ANALISI D'OPERA - Duccio di Buoninsegna, Maestà

Analisi D'opera

Duccio di Buoninsegna

Maestà

  • 1308-1311
  • tempera e oro su tavola, 370x450 cm
  • Museo dell'Opera del Duomo di Siena; National Gallery di Londra

La Maestà fu eseguita da Duccio di Buoninsegna fra il 1308 e il 1311 per l’altare maggiore del Duomo di Siena e compiuta con la collaborazione della bottega, sotto lo stretto controllo del maestro. Per il suo trasferimento dalla bottega del pittore alla chiesa fu decretato un giorno di festa, con un grande corteo di cittadini accompagnato da musici pagati dal comune.

Descrizione

La Maestà di Duccio è forse il più importante dipinto su tavola della storia dell’arte italiana, la cui influenza va ben oltre l’ambiente senese. Certamente si tratta di un’impresa artistica di grande respiro per dimensioni e struttura: era dipinta sulle due facce e completata da una predella e da un coronamento (una serie di tavolette in forma di cuspide), anch’essi a due facce.
In seguito a spostamenti e danni subiti dalla pala, oggi le due facce sono separate, alcuni degli scomparti della predella e degli angeli dei pinnacoli sono andati perduti e altri si trovano in musei stranieri; anche i due coronamenti originali non si sono conservati per intero.
Sulla faccia anteriore è raffigurata la Madonna col Bambino  in maestà e affiancata da venti angeli e da due schiere di santi.

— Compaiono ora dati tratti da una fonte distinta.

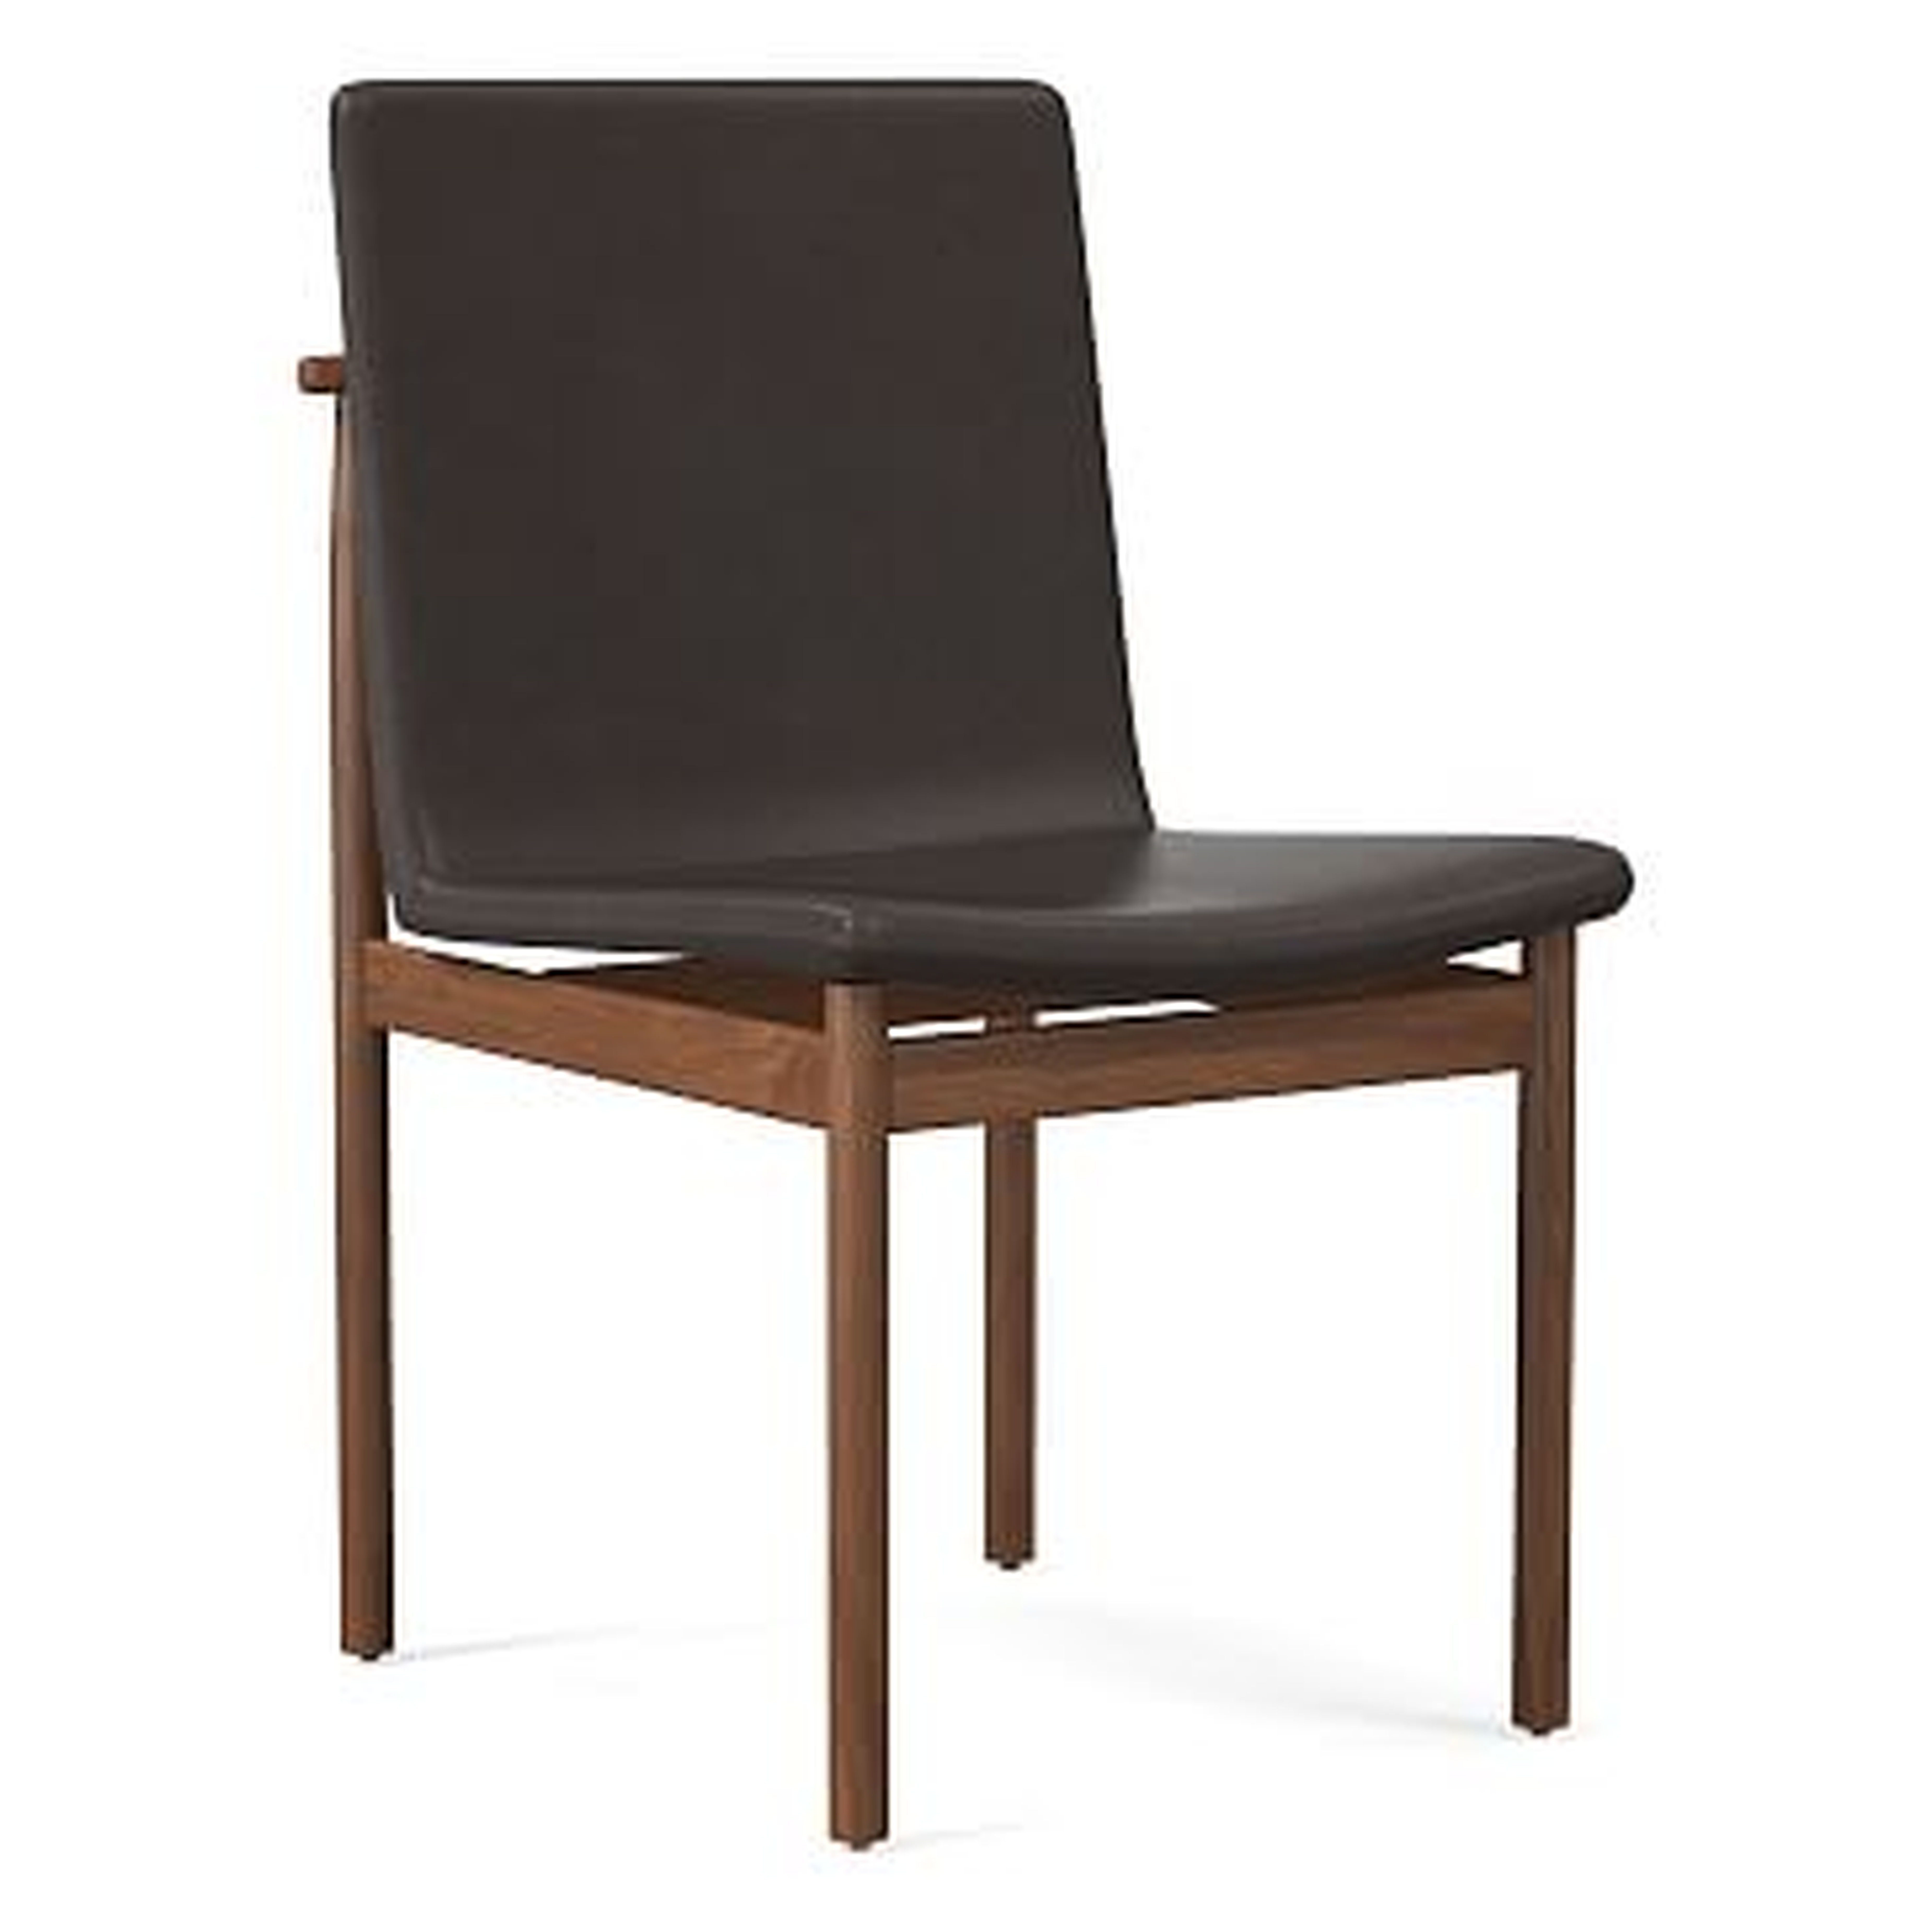 Framework Leather Dining Chair, Sauvage Leather, Walnut, Charcoal - West Elm

In alto si vedono dieci busti di apostoli, originariamente racchiusi in una cornice.
La faccia posteriore ospita una dettagliata narrazione della Passione di Cristo, dall’Ingresso in Gerusalemme (in basso a sinistra) al Cammino verso Emmaus (in alto a destra).
La predella anteriore è dedicata all’Infanzia di Cristo e comprendeva anche alcune figure di Profeti; quella posteriore raffigura la Vita pubblica di Cristo. Nei due coronamenti vi erano episodi relativi alla Morte di Maria (anteriore) e Apparizioni di Cristo dopo la morte (posteriore).

Forma, funzioni e idee

La raffigurazione principale era rivolta ai fedeli ed era compresa in un programma di glorificazione della Vergine (alla quale è dedicata la cattedrale). Le scene del retro erano invece destinate a una visione più ravvicinata, in particolare da parte dei canonici che sedevano nel coro. Il grande dipinto riassume in sé i valori religiosi e civici della città di Siena: nella scritta sul gradino del trono si legge, insieme con il nome dell’artista, un’invocazione di pace per la città.
L’impronta bizantina si esprime nei volti dei personaggi e nella loro disposizione a schiera. Il trono, arricchito da motivi cosmateschi, presenta invece una solidità che risente della visione spaziale trecentesca. Le scene della parte posteriore rivelano una minore sensibilità per la terza dimensione. L’intensità del tono narrativo, spesso ricco di accenti patetici, è bilanciata dall’eleganza delle composizioni e dalla raffinatezza della gamma cromatica.

LE FONTI

La fortuna di questa tavola di Duccio fu immediata, tanto che alcune cronache senesi narrano di una processione che l’accompagnò dalla bottega del pittore fino alla cattedrale.
«…Fu fatta quella nova, la quale è molto più bella e divota e magiore, ed è da lato dietro el testamento vecchio e nuovo. E quello dì, che si portò al Duomo si serorono [chiusero] le butighe [i negozi] e ordinò el vescovo una magnia, e divota conpagnia di reti e frati con un solenne procisione [processione], acompagnato da’ signori Nove e tutti e gli ufiziali del comuno, e tutti e’ popolani. E di mano in mano tutti e’ più degni erano presso la detta tavola co’ lumi accesi in mano; e poi erano di dietro le donne e fanciugli con molta divozione e aconpagniorno la detta tavola per fino al Duomo, facendo la procisione intorno al Chanpo [piazza del Campo] come s’usa, sonando le chanpane tutte a gloria per divozione di tanta nobile tavola quanto è questa.»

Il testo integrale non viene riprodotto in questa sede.